[dataimport] fix ucsvreader for python3
authorJulien Cristau <julien.cristau@logilab.fr>
Fri, 16 Oct 2015 17:06:28 +0200
changeset 10807 bb0c7dbd1fe7
parent 10806 bd98cd3b7869
child 10808 b6b2e1bcd1b2
[dataimport] fix ucsvreader for python3 The csv module in python3 wants str, so use a StreamReader to feed csv.reader and don't decode the output
dataimport/csv.py
dataimport/test/unittest_importer.py
--- a/dataimport/csv.py	Wed Oct 14 16:30:45 2015 +0200
+++ b/dataimport/csv.py	Fri Oct 16 17:06:28 2015 +0200
@@ -18,11 +18,12 @@
 """Functions to help importing CSV data"""
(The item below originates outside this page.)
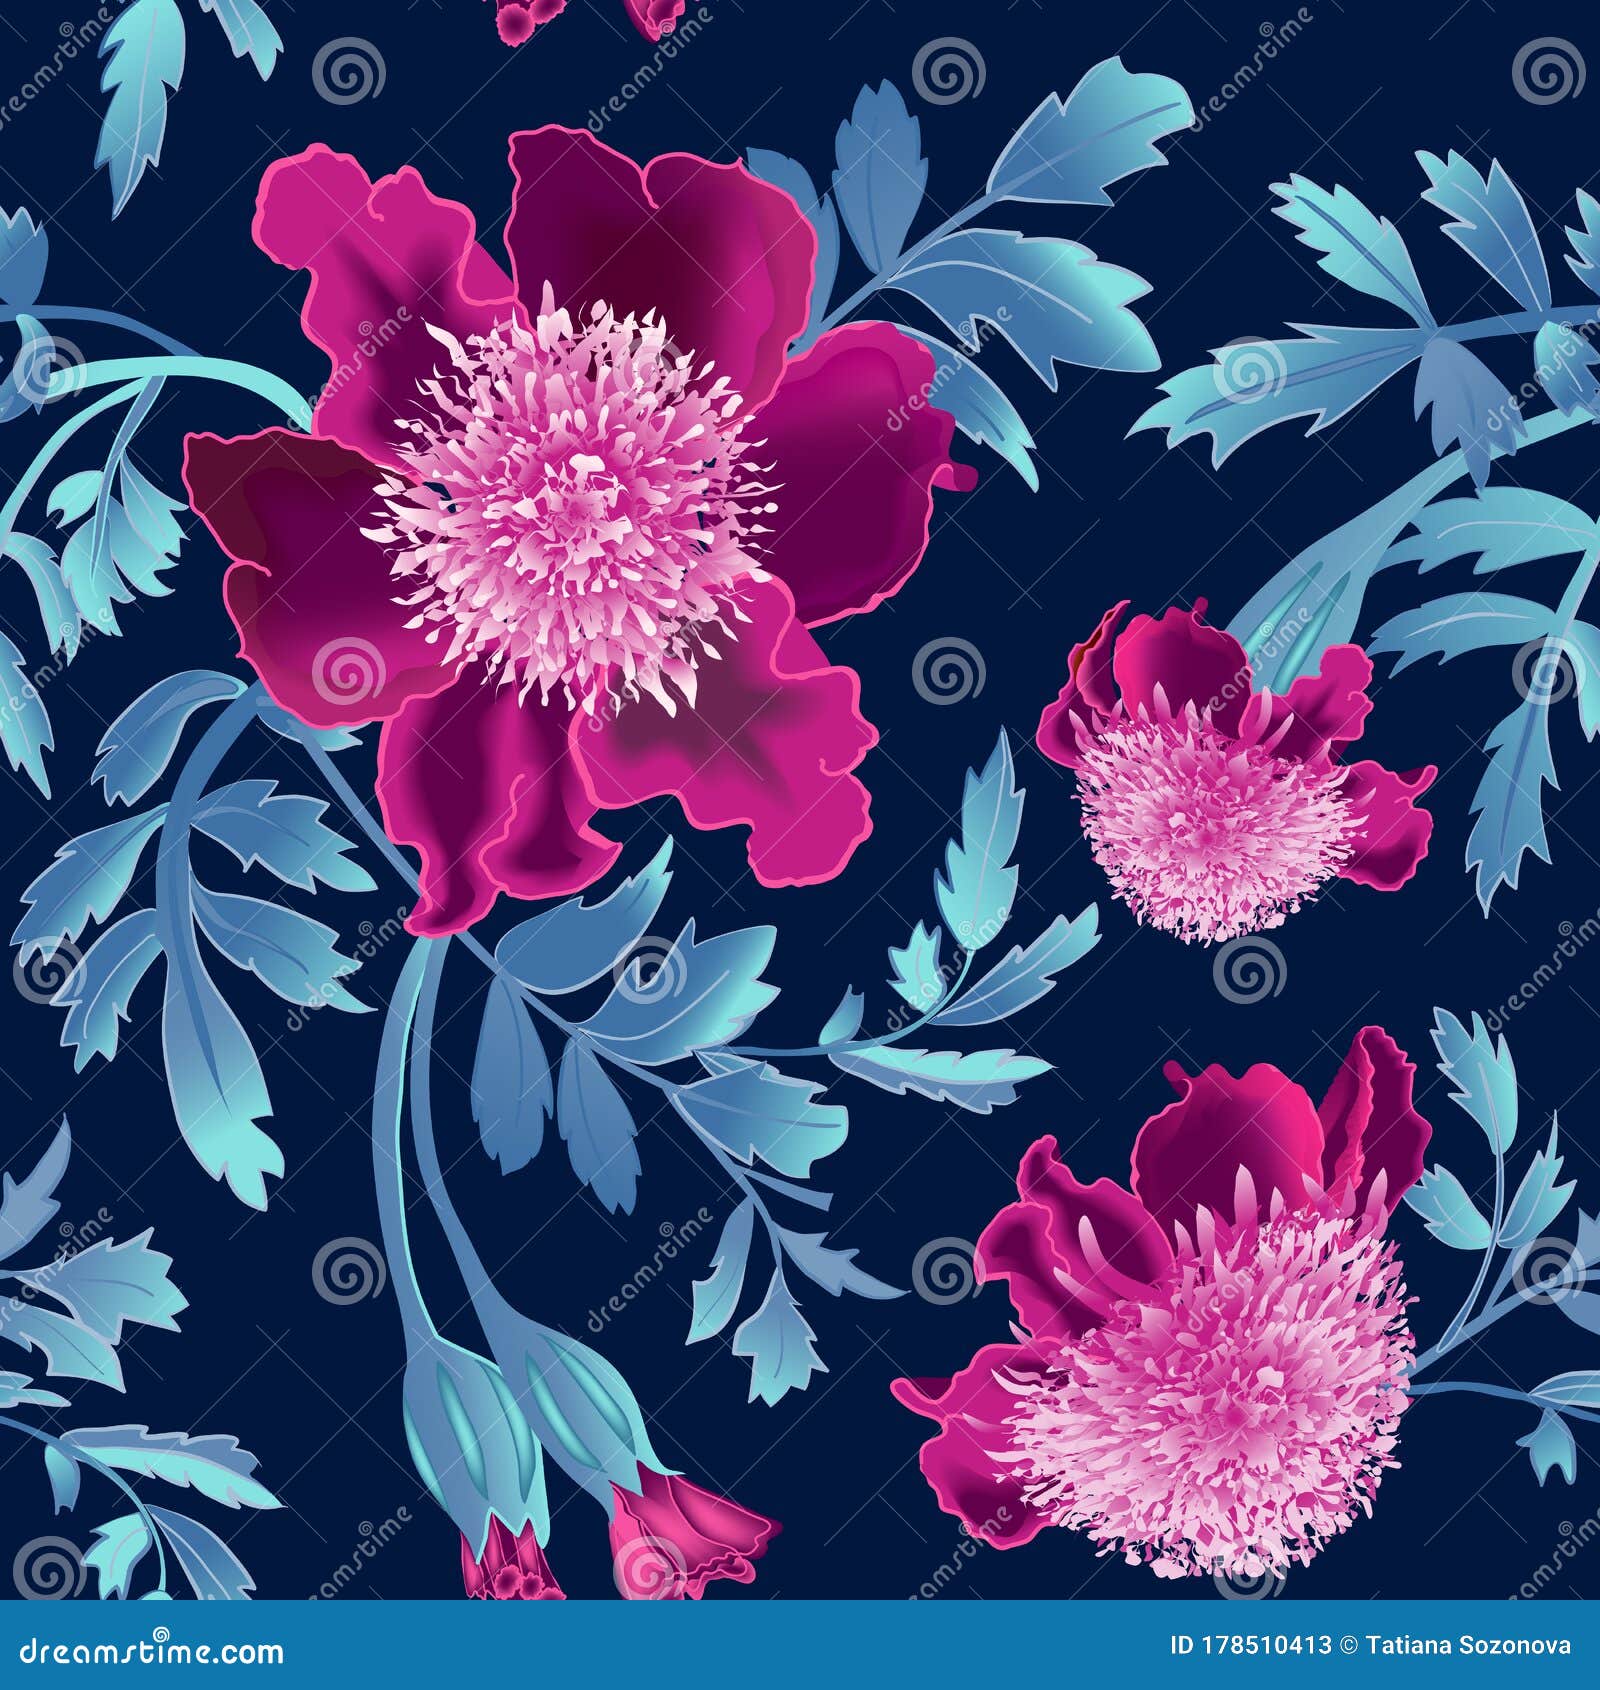 Những bông hoa hồng nóng bỏng trên nền navy blue sẽ khiến bạn trầm trồ ngắm nhìn. Hãy tưởng tượng những nụ hồng đua nhau nở rực rỡ giữa không gian lãng mạn và đầy sức sống, đem đến cho bạn cảm giác hạnh phúc và yêu đời.

 from __future__ import absolute_import, print_function
 
+import codecs
 import csv as csvmod
 import warnings
 import os.path as osp
 
-from six import string_types
+from six import PY2, PY3, string_types
 
 from logilab.common import shellutils
 
@@ -50,9 +51,7 @@
         quotechar = quote
         warnings.warn("[3.20] 'quote' kwarg is deprecated, use 'quotechar' instead")
     if isinstance(stream_or_path, string_types):
-        if not osp.exists(stream_or_path):
-            raise Exception("file doesn't exists: %s" % stream_or_path)
-        stream = open(stream_or_path)
+        stream = open(stream_or_path, 'rb')
     else:
         stream = stream_or_path
     rowcount = count_lines(stream)
@@ -78,6 +77,8 @@
     separators) will be skipped. This is useful for Excel exports which may be
     full of such lines.
     """
+    if PY3:
+        stream = codecs.getreader(encoding)(stream)
     if separator is not None:
         delimiter = separator
         warnings.warn("[3.20] 'separator' kwarg is deprecated, use 'delimiter' instead")
@@ -89,7 +90,10 @@
         if skipfirst:
             next(it)
         for row in it:
-            decoded = [item.decode(encoding) for item in row]
+            if PY2:
+                decoded = [item.decode(encoding) for item in row]
+            else:
+                decoded = row
             if not skip_empty or any(decoded):
                 yield decoded
     else:
@@ -108,7 +112,10 @@
             # Error in CSV, ignore line and continue
             except csvmod.Error:
                 continue
-            decoded = [item.decode(encoding) for item in row]
+            if PY2:
+                decoded = [item.decode(encoding) for item in row]
+            else:
+                decoded = row
             if not skip_empty or any(decoded):
                 yield decoded
 
--- a/dataimport/test/unittest_importer.py	Wed Oct 14 16:30:45 2015 +0200
+++ b/dataimport/test/unittest_importer.py	Fri Oct 16 17:06:28 2015 +0200
@@ -167,7 +167,7 @@
 
 def extentities_from_csv(fpath):
     """Yield ExtEntity read from `fpath` CSV file."""
-    with open(fpath) as f:
+    with open(fpath, 'rb') as f:
         for uri, name, knows in ucsvreader(f, skipfirst=True, skip_empty=False):
             yield ExtEntity('Personne', uri,
                             {'nom': set([name]), 'connait': set([knows])})